I'm quite mindful of the struggles that injured workers have when they need accommodations. About a year ago I struggled for 6 months to get a major grocery chain to consider revamping the height and shape of the checkout stand so one of my clients could remain on the job. It's critical that workers be able to get accommodations.
It's also understandable that small employers are often likely to balk
on account of cost. The goal of the Return-To-Work program is to provide a source of funding for some of these costs.
If workers can stay on the job, it's a win for everyone. The 2003 legislation led to the demise of vocational rehab for workers injured after 1/1/04. I've yet to meet many attorneys or injured workers who feel that the supplemental job voucher is an adequate replacement for the loss of the prior $16k retraining benefit.
So in the final analysis we see a Return-To-Work Program that may not be as expensive as I'd alleged, but which has been on the books since August 2006 with very little to show for itself. A program which has been around for over a year and a half and which sunsets in around nine months.
As an armchair quarterback, perhaps more could or should have been done to promote the program up until now.
Apparently one major problem is that few employers have ever heard of the program.

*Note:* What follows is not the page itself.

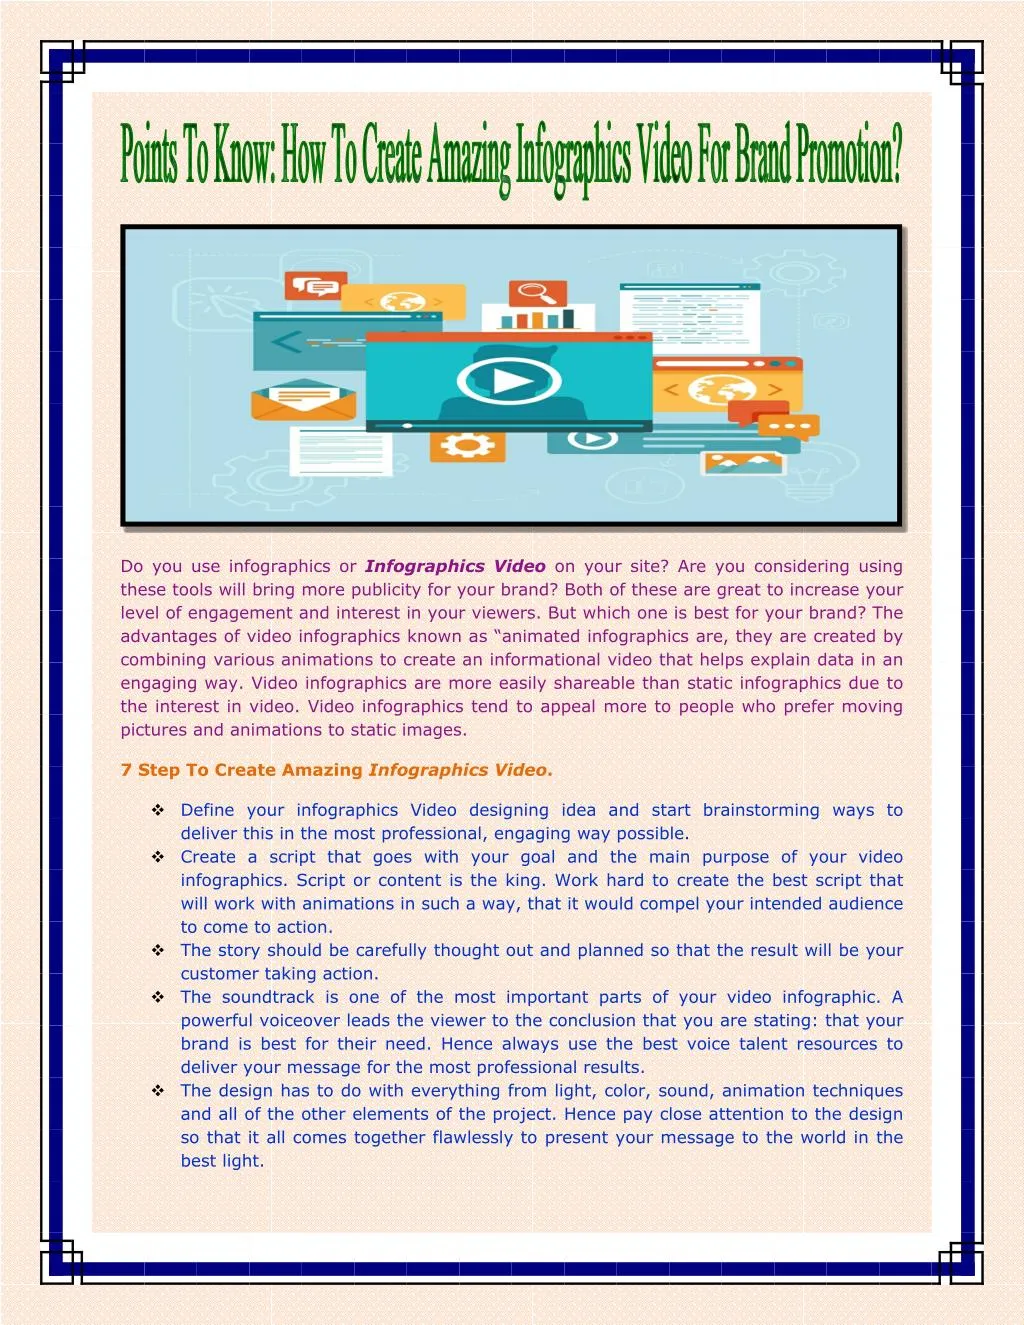 do you use infographics or infographics video

The March 2009 draft CHSWC report notes at one point that :
"It is possible that the efforts undertaken by the RRRTW Unit to publicize the program did not reach the intended audience. Small employers may be difficult to reach through educational conferences. The RRTW Unit plans to conduct informational workshops about the program around the State in 2009. Careful design and planning of future outreach may need to consider how, where, and when small employers usually receive information relevant to their businesses..."
Ms. Gard indicates that the DWC has recently undertaken a comprehensive plan to market the program to small employers, enlisting the help of small business advocates. That's good. She indicates that she expects to see more results in the coming months. That's good.
This is a program that all stakeholders want to see become successful.
But without a quick showing of results. it's hard to envision the program surviving the 1/1/2010 sunset.
In my next post I'll share some reflections on some of the topics covered at the Oakland DWC conference.
Monday, October 27, 2008, 10:56 PM - Vocational retrainingAt the bottom of this post there is a link to a DWC newsline issued today.
The DWC advises that the right to vocational rehabilitation sunsets at the end of 2008 for those workers injured before 2004 who might otherwise be eligible.
A benefit that had no dollar limits before 1994 and a $16,000 cap after 1994 may be expiring forever.
There is some controversy over this. I've heard some applicant attorneys advance the argument that voc rehab may still be pursued after January 1, particularly if rehab was started (or demanded) before January 1.
We are coming up on Halloween, so it's a fitting time to note that some attorneys believe that the courts could enforce voc rehab by recognizing
"ghost statutes" even though the Voc Rehab "bureau" or "unit" as it has been called will no longer exist.
Perhaps. But that's an untested and risky strategy.
So those workers seeking VR now have a window of time to use it or lose it. Workers injured after 1/1/04 will remain eligible for a job retraining voucher.